(Stored data entries)

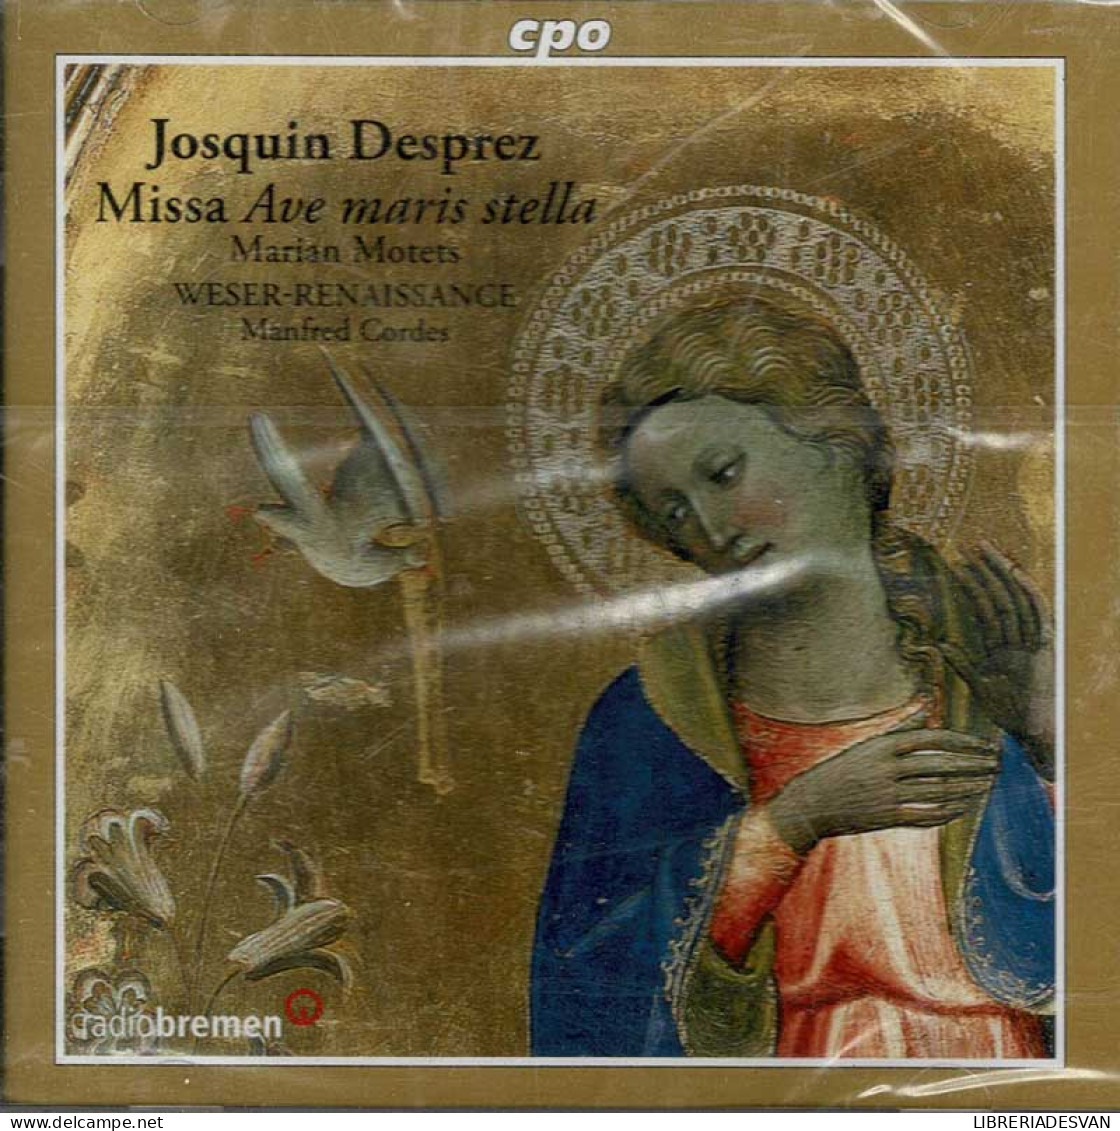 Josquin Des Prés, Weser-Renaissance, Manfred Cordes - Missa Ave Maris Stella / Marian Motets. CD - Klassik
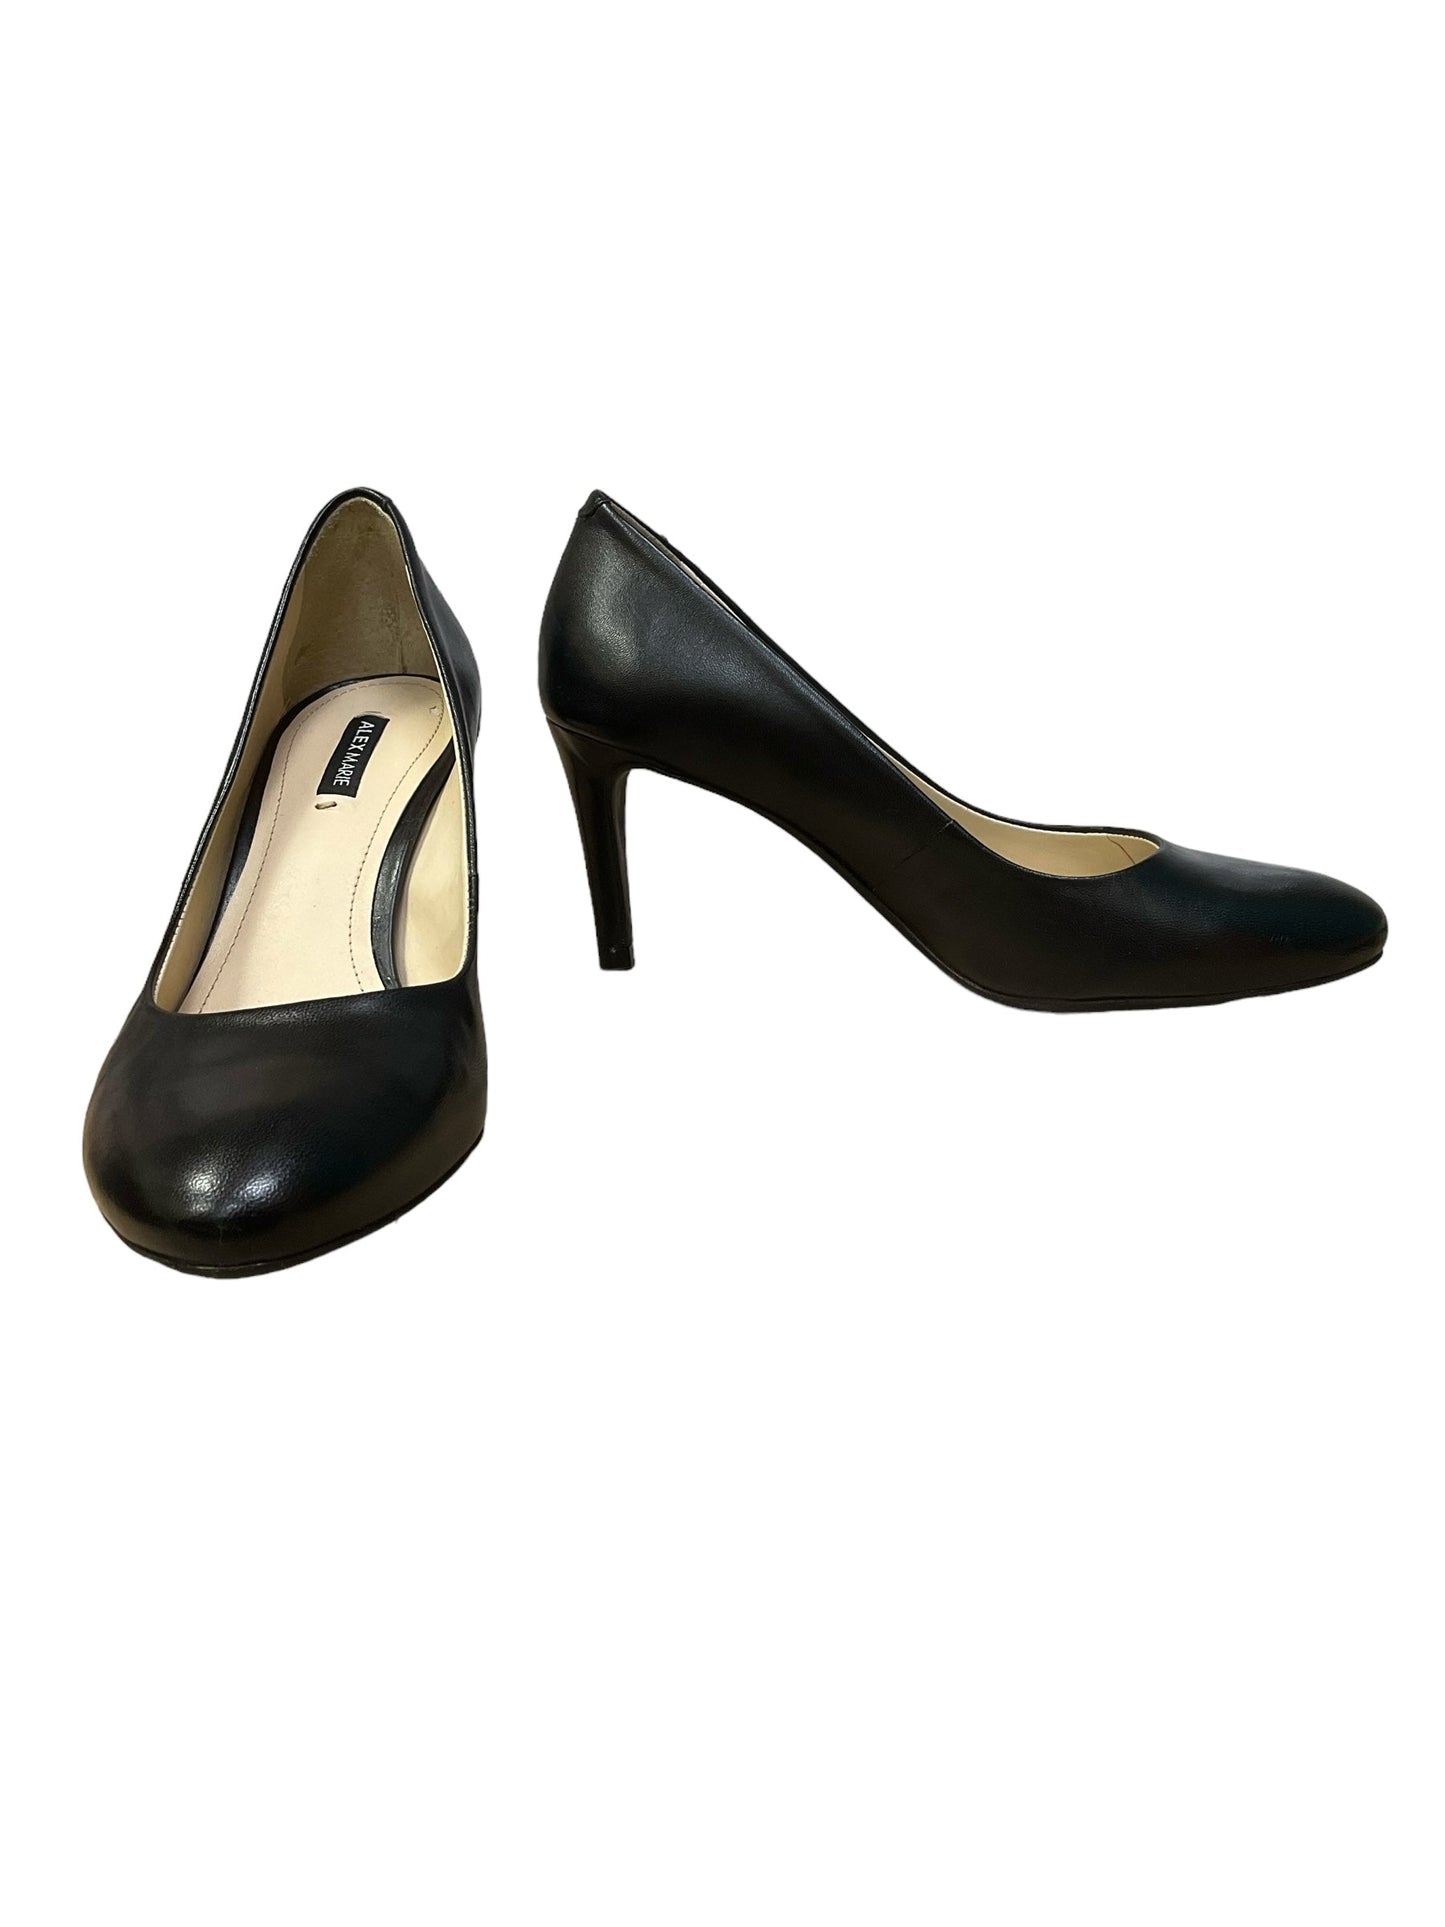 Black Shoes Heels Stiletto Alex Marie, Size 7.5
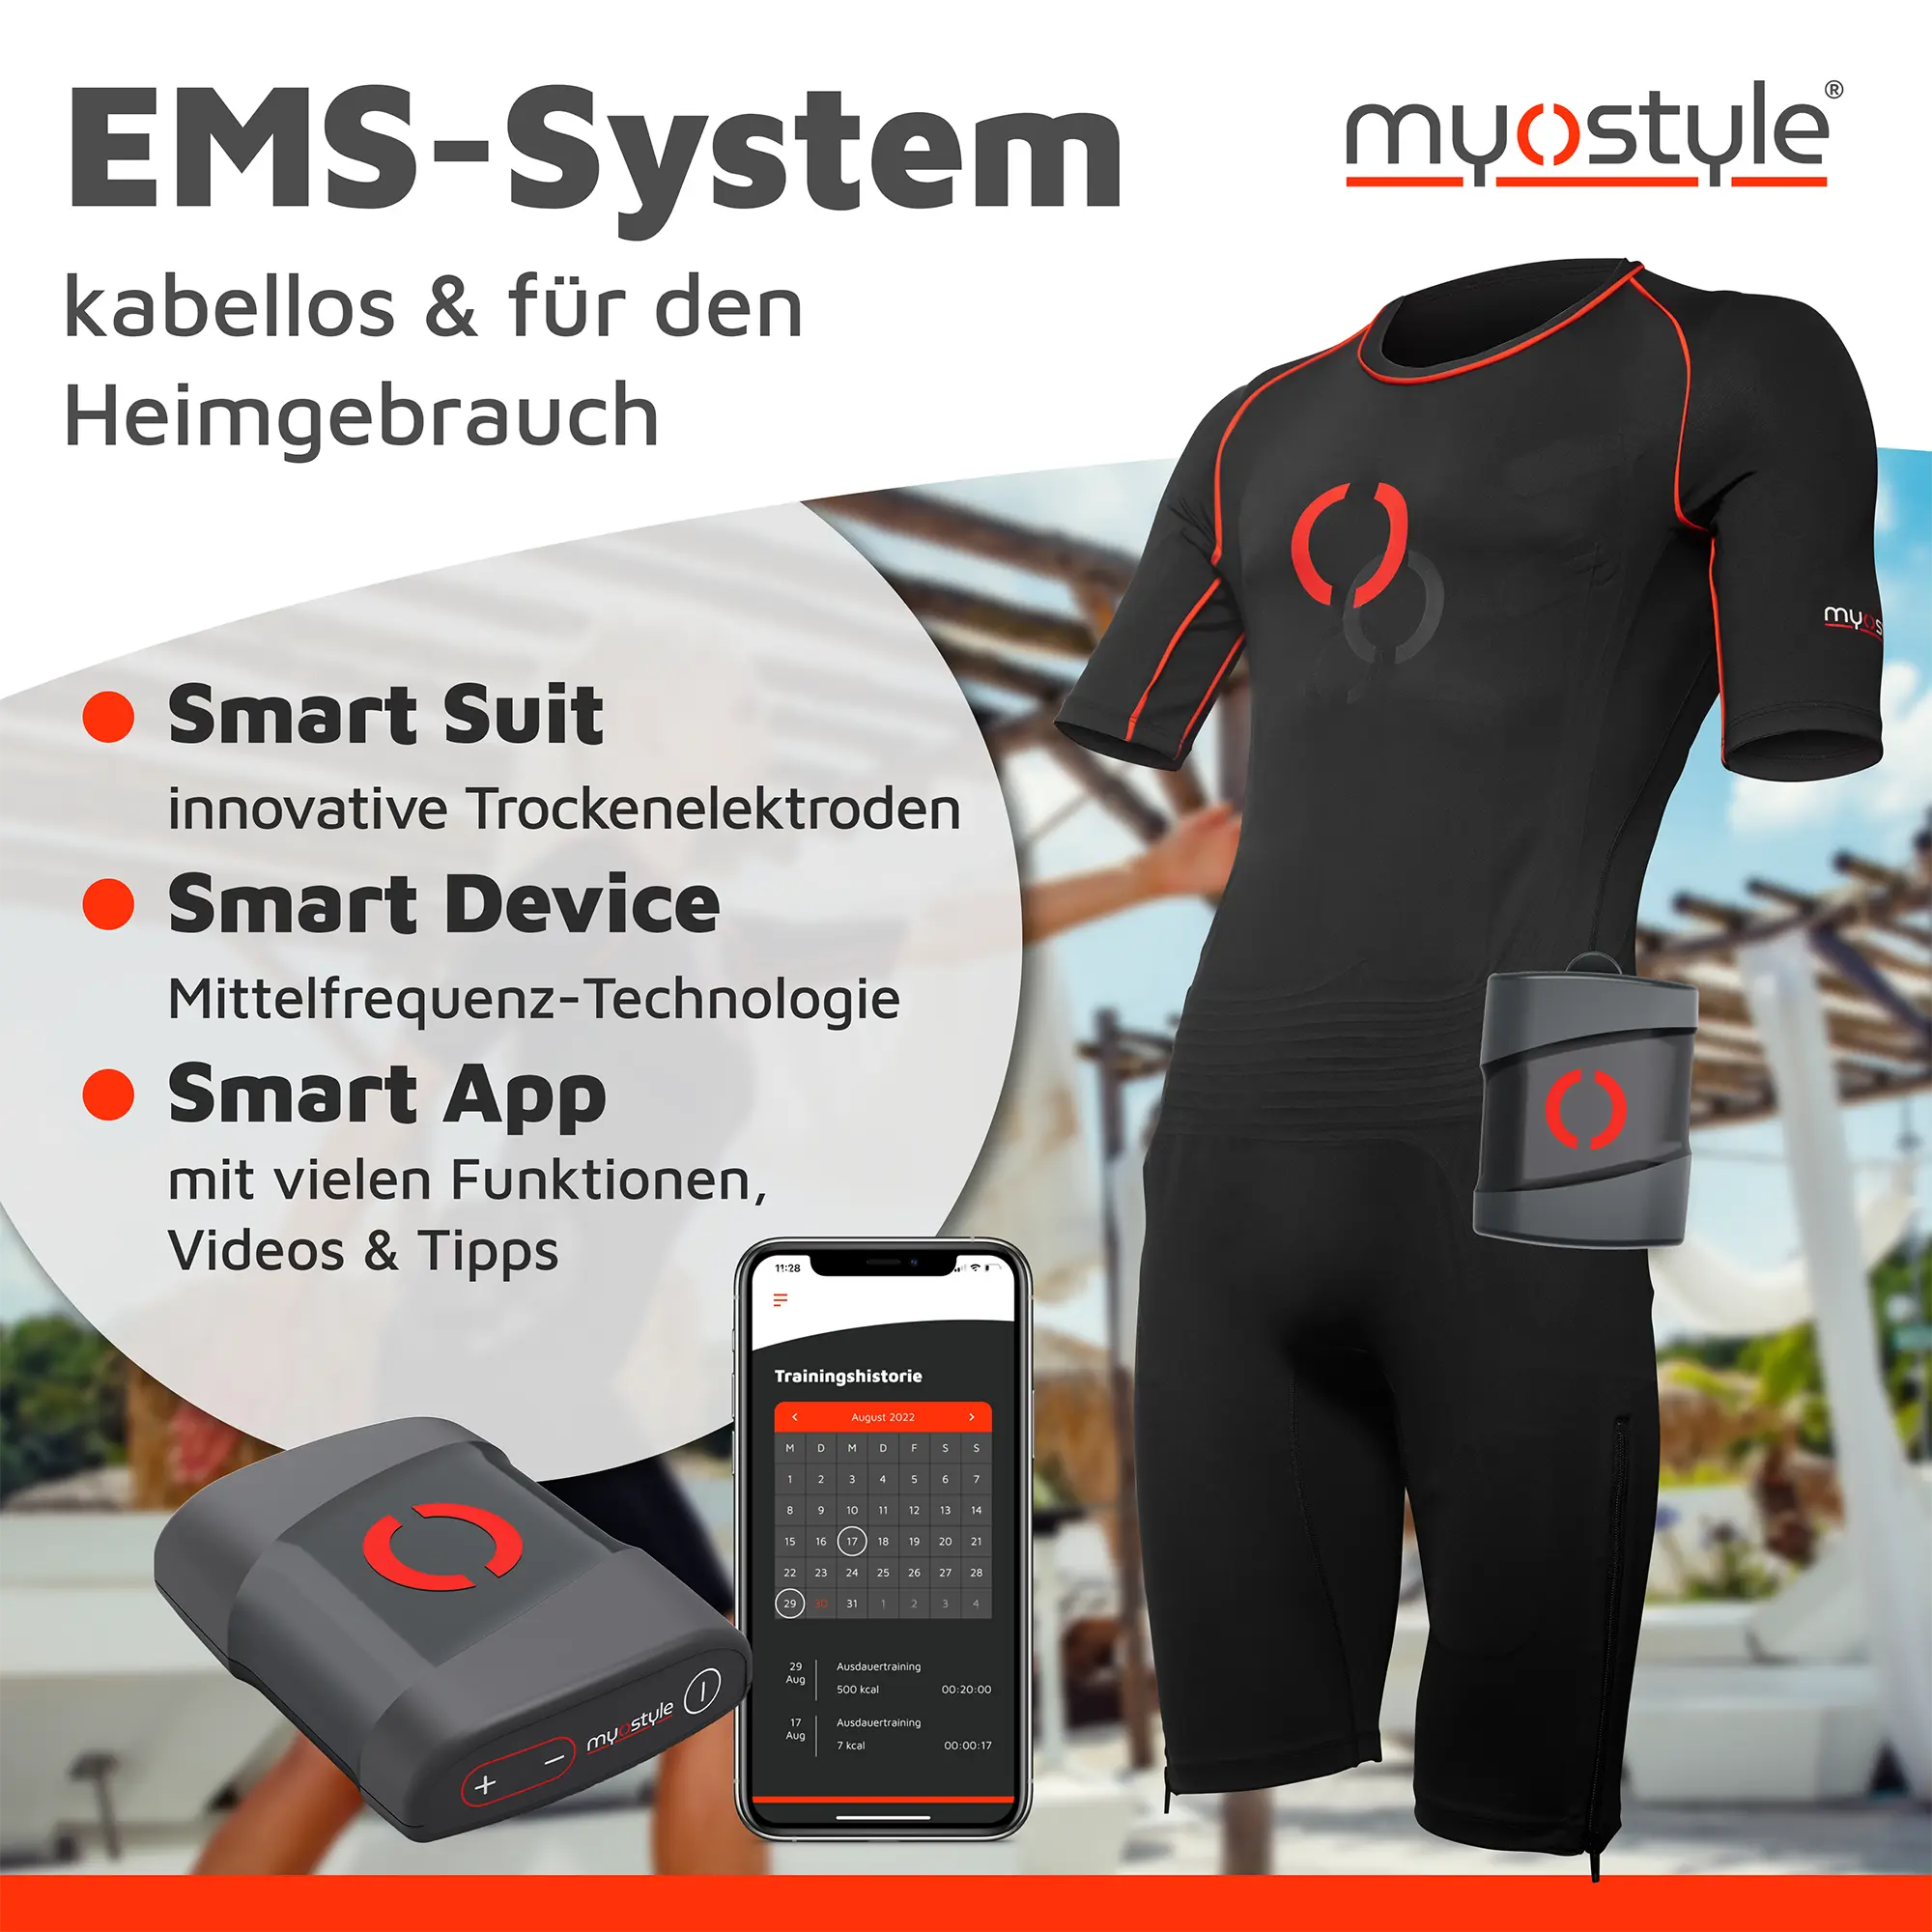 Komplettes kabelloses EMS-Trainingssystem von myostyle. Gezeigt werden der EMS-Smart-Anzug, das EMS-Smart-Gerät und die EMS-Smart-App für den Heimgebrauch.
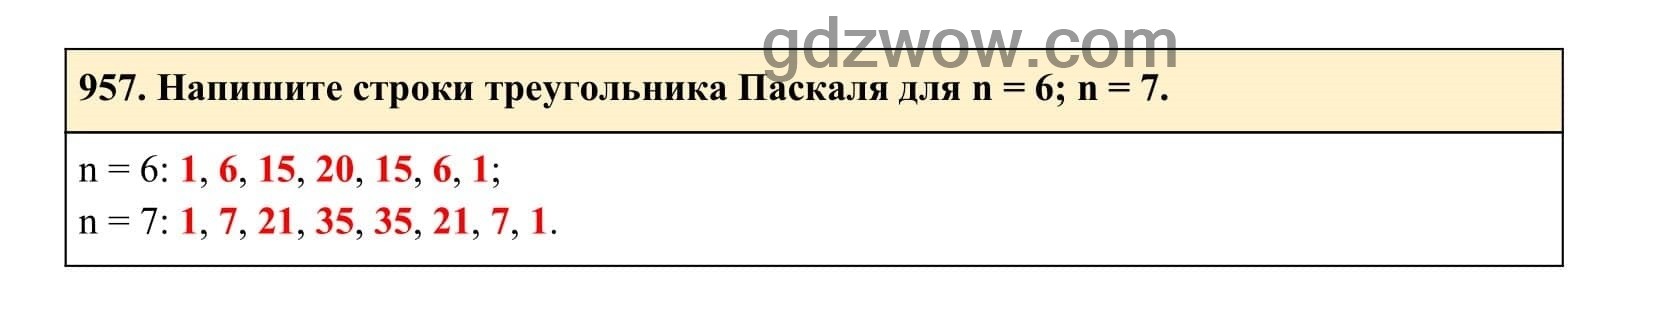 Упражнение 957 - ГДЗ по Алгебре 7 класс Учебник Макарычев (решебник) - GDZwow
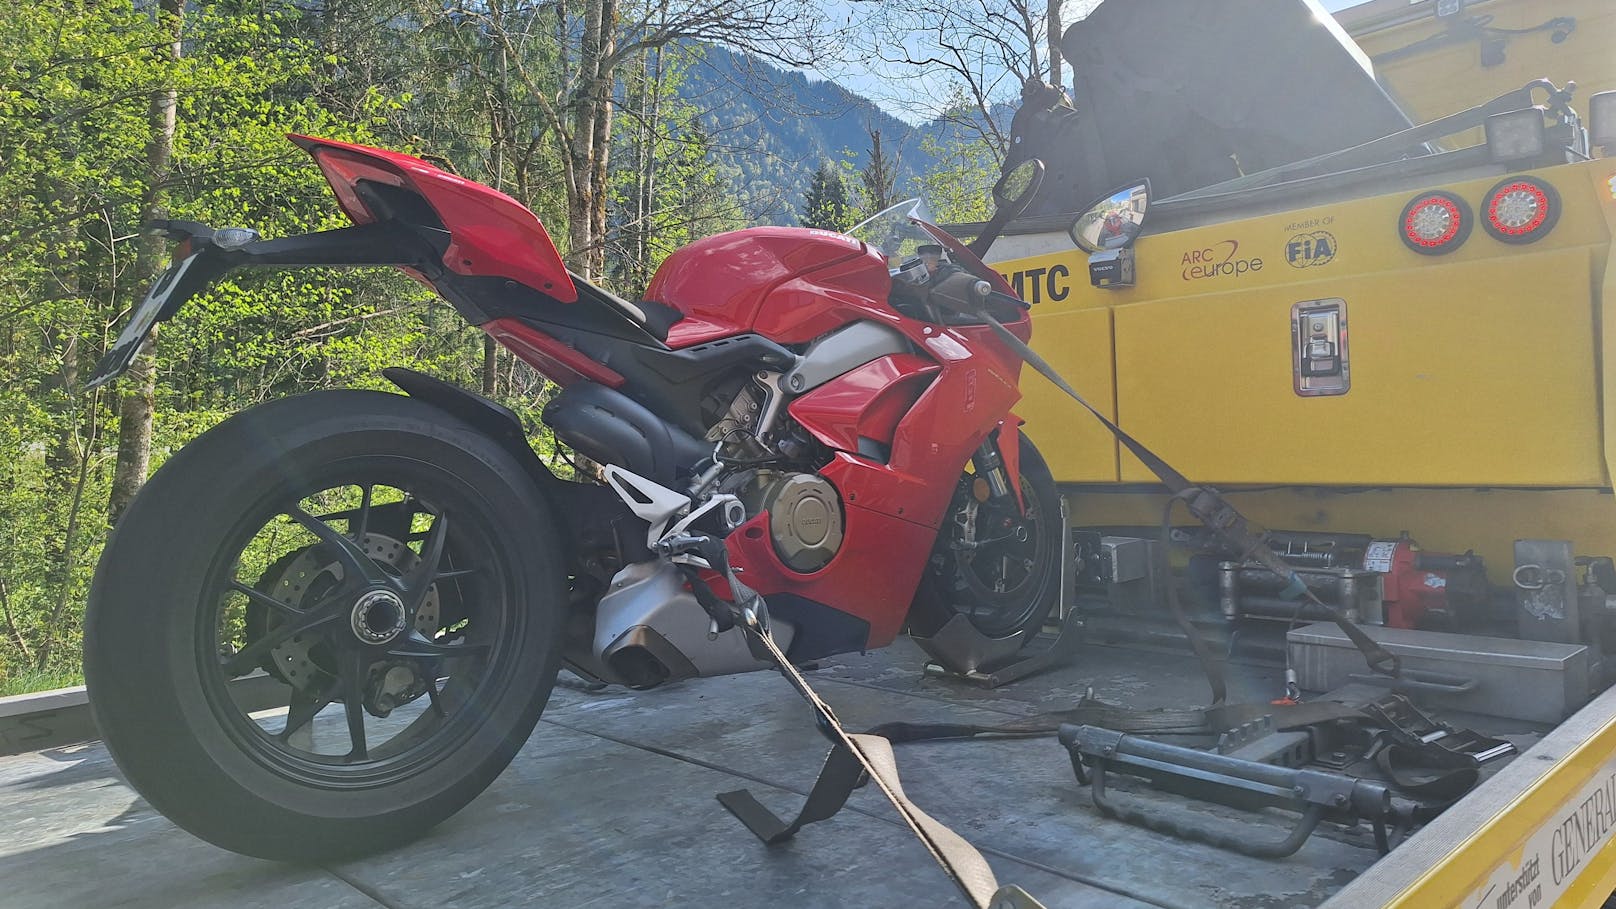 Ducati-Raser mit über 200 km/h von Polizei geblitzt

> Try it
The lines from the one containing "Black Shoes Heels" through the end of the data above are to be copied exactly, both ends included, and pictures are to be omitted.

> Response area
 Black Shoes Heels Stiletto Alex Marie, Size 7.5
 Komplettes kabelloses EMS-Trainingssystem von myostyle. Gezeigt werden der EMS-Smart-Anzug, das EMS-Smart-Gerät und die EMS-Smart-App für den Heimgebrauch.
 Упражнение 957 - ГДЗ по Алгебре 7 класс Учебник Макарычев (решебник) - GDZwow
 Ducati-Raser mit über 200 km/h von Polizei geblitzt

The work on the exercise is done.